# Rough bound for sum $\binom{3n}{0}+\binom{3n}{1}+\cdots+\binom{3n}{n-1}$

Is it true that

$$\frac{\dbinom{3n}{0}+\dbinom{3n}{1}+\cdots+\dbinom{3n}{n-1}}{2^{3n}}<\frac13$$ for all positive integers $n$?

I've plotted the first few values of $n$ and noticed that the left-hand side decreases rapidly, so I'm quite sure that it's true. But how to prove it? Induction doesn't looks like helping much here.

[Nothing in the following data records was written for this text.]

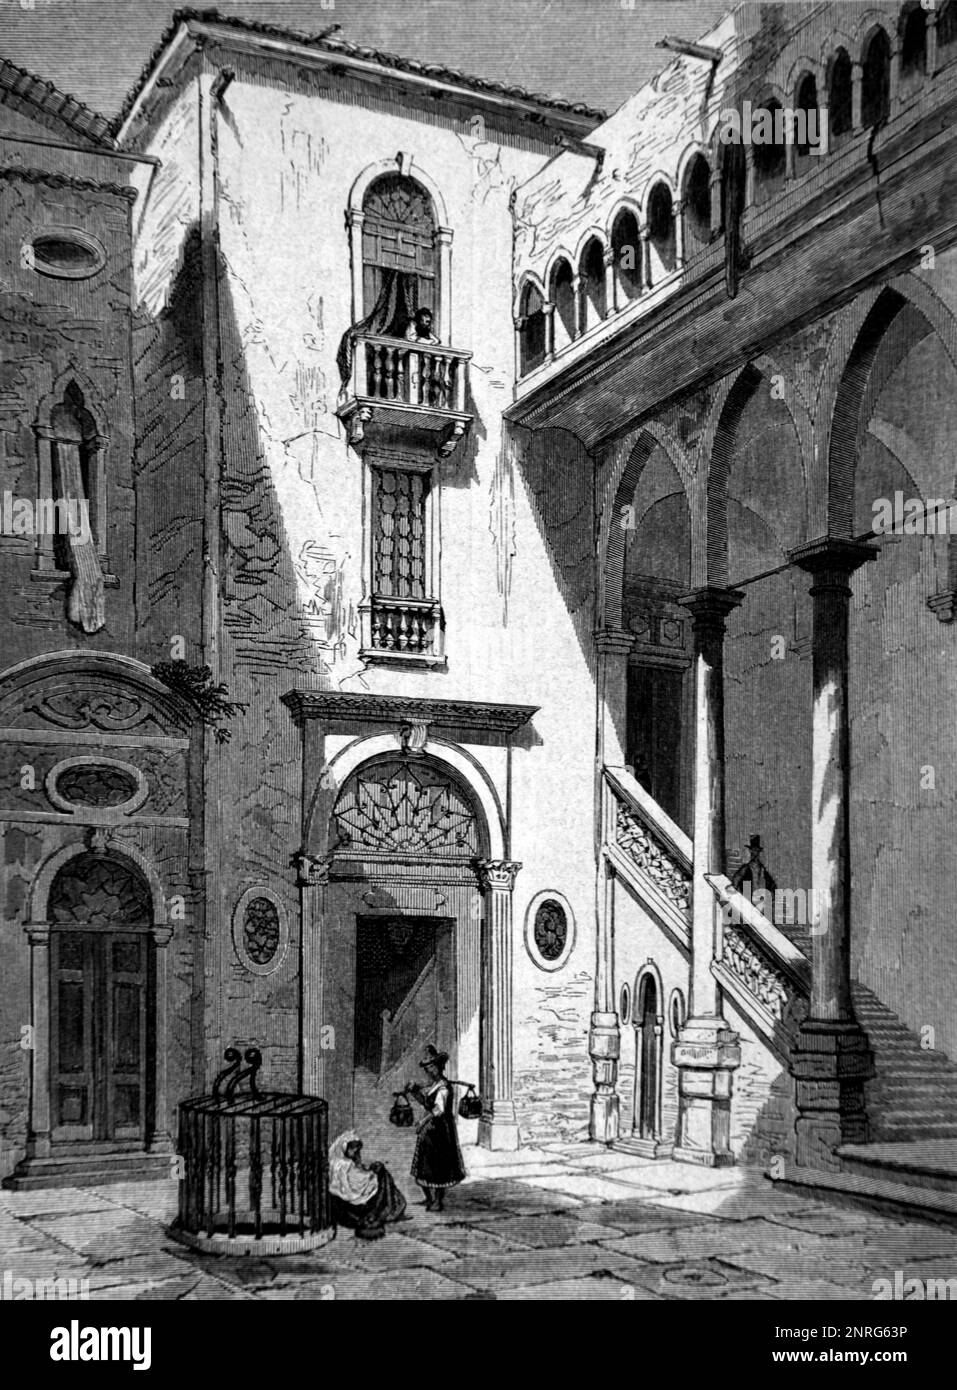 Cour du Palais da Mula, Palazzo da Mula Morosini, Venise, Italie. . Gravure ancienne ou illustration 1862 Banque D'Images
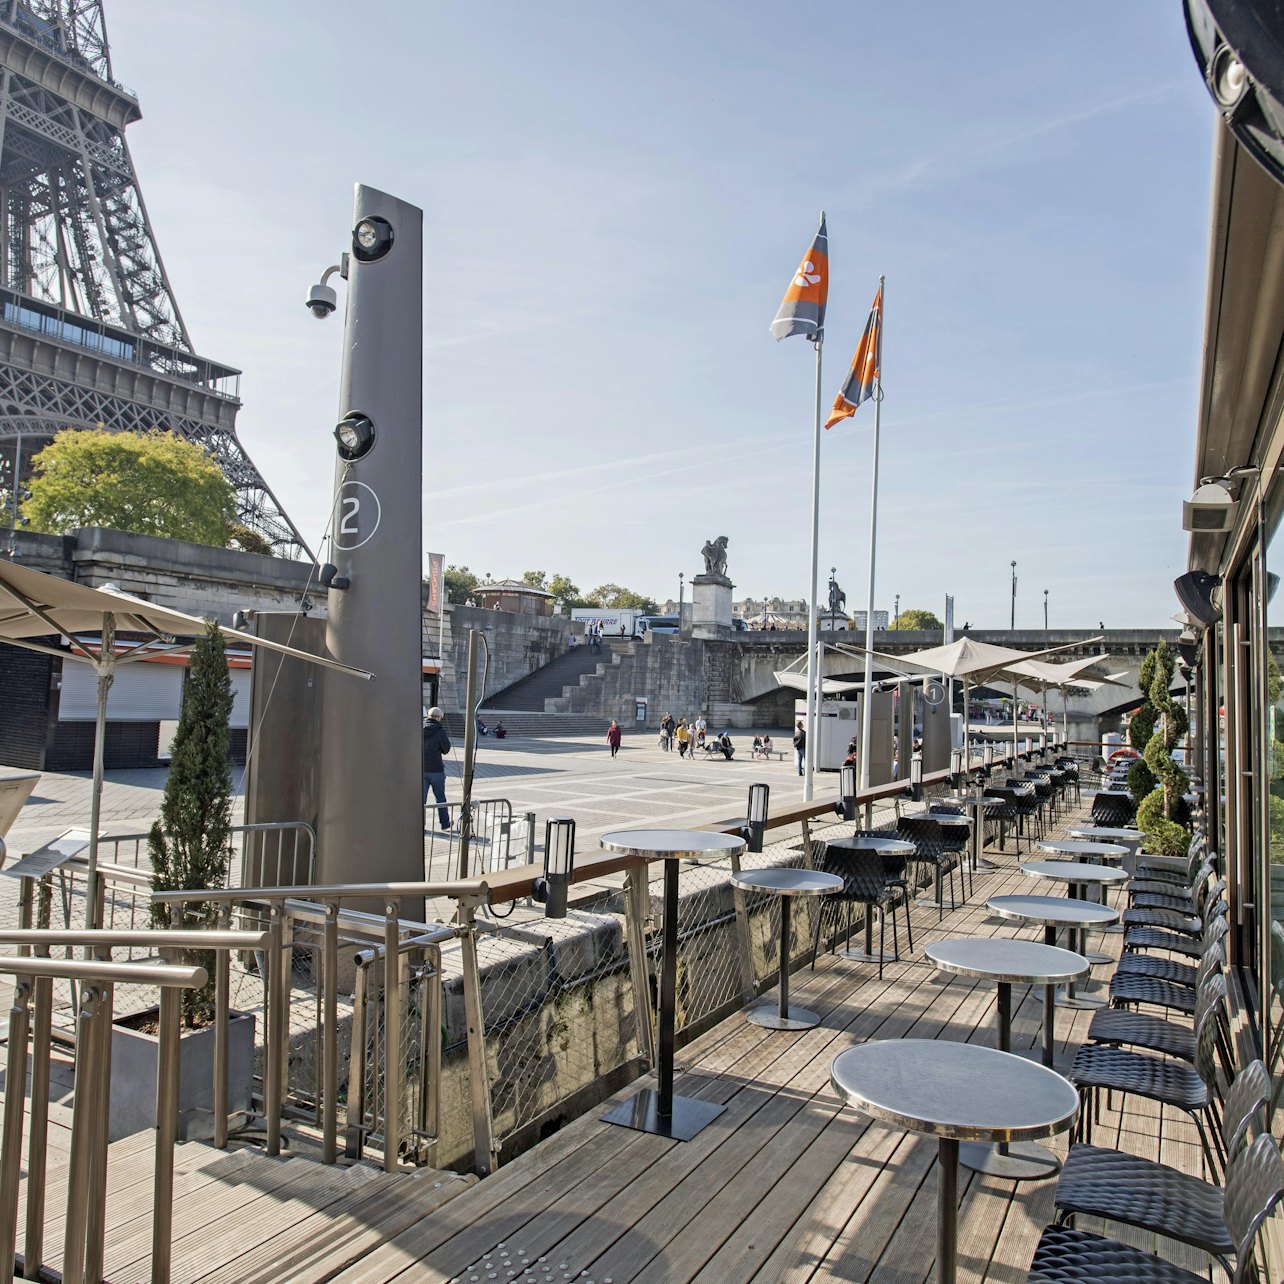 Crucero turístico por el Sena + Comida en Le Bistro Parisien - Alojamientos en Paris
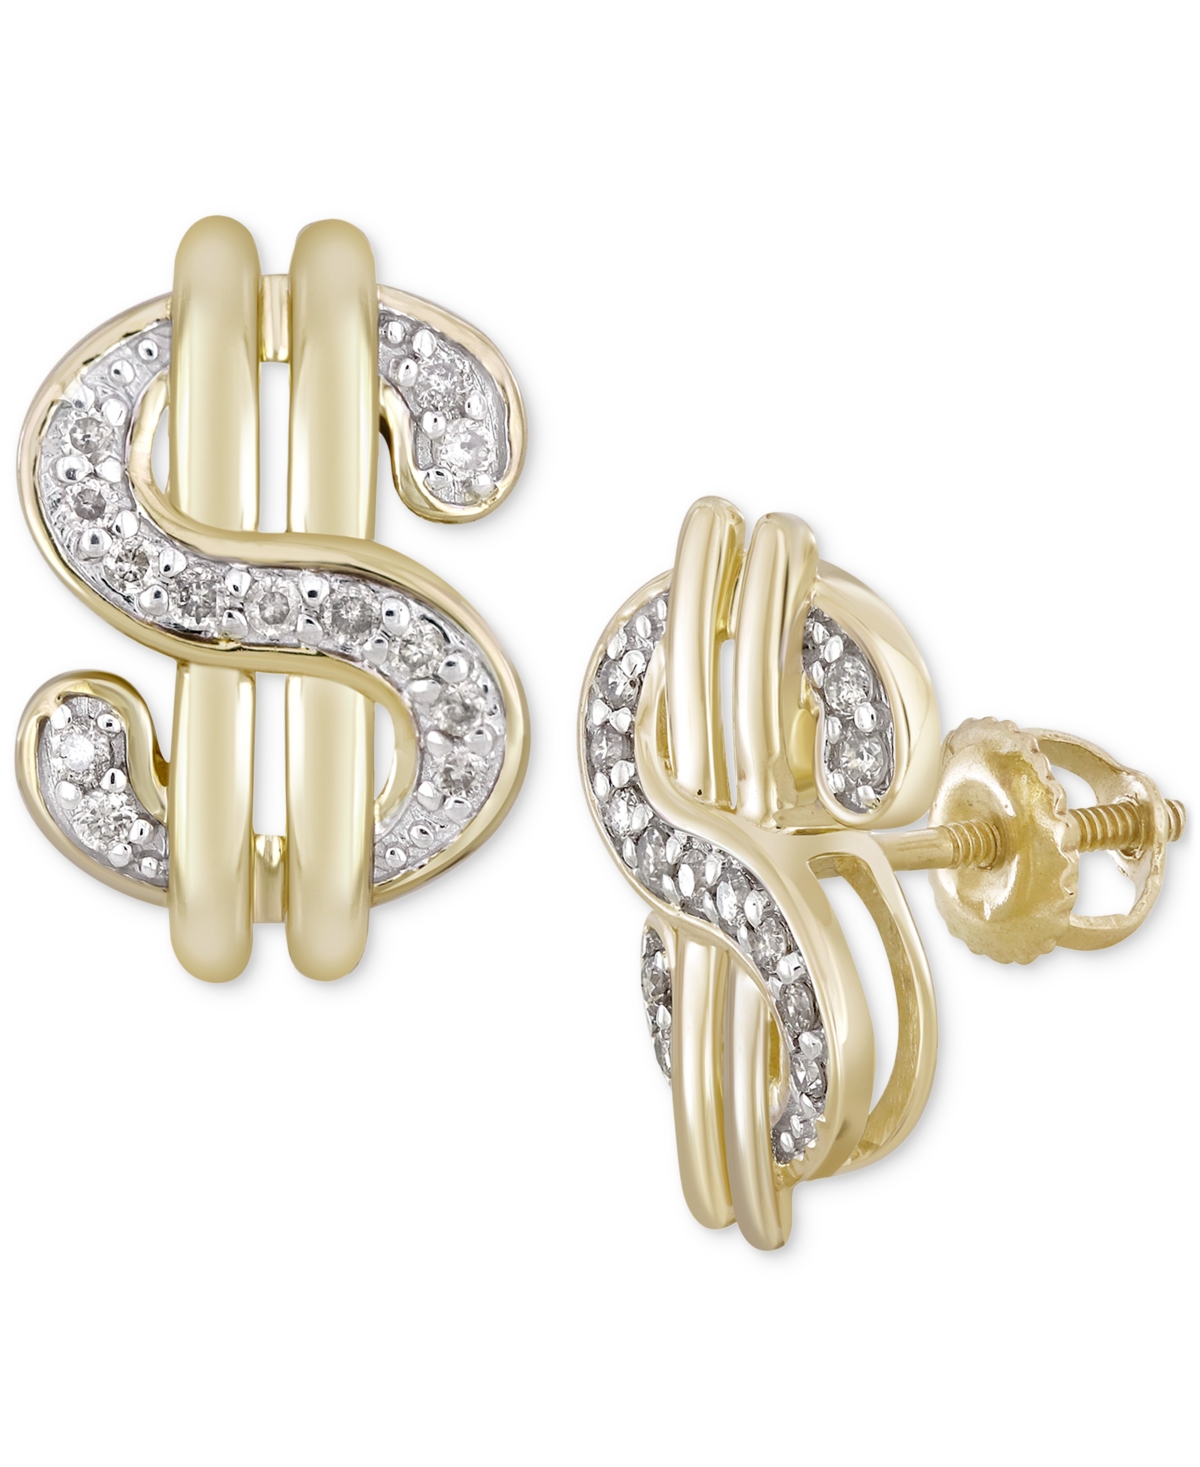 Men's Diamond Dollar Sign Stud Earrings (1/5 ct. t.w.) in 10k Gold - Gold

Here's an outline of a proof. We have that $\binom{3n}{0}+\binom{3n}{1}+\cdots+\binom{3n}{3n} = 2^{3n}$. Split the sum into thirds. The middle third is clearly larger than the other two, which, being equal by symmetry, must therefore each account for less than a third of the total.
The Binomial Distribution $2^{-3n}\binom{3n}{k}$ has mean $\frac32n$ and variance $\frac34n$. Thus, by Chebyshev's Inequality, we have $$P\left[|x-\tfrac32n|\ge a\right]\le\frac{\frac34n}{a^2}\tag{1}$$ Letting $a=\frac12n+1$ yields \begin{align} P\left[|x-\tfrac32n|\ge\tfrac12n+1\right] &\le\frac{\frac34n}{(\frac12n+1)^2}\\ &=\frac{3n}{(n+2)^2}\tag{2} \end{align} By the symmetry of the binomial distribution, we get \begin{align} P\left[x\le n-1\right] &=P\left[x-\tfrac32n\le-\tfrac12n-1\right]\\ &\le\bbox[5px,border:2px solid #C0A000]{\frac{3n}{2(n+2)^2}}\tag{3} \end{align} which is less than $\frac13$ for all $n$. In fact, it reaches a maximum of $\frac3{16}$ at $n=2$.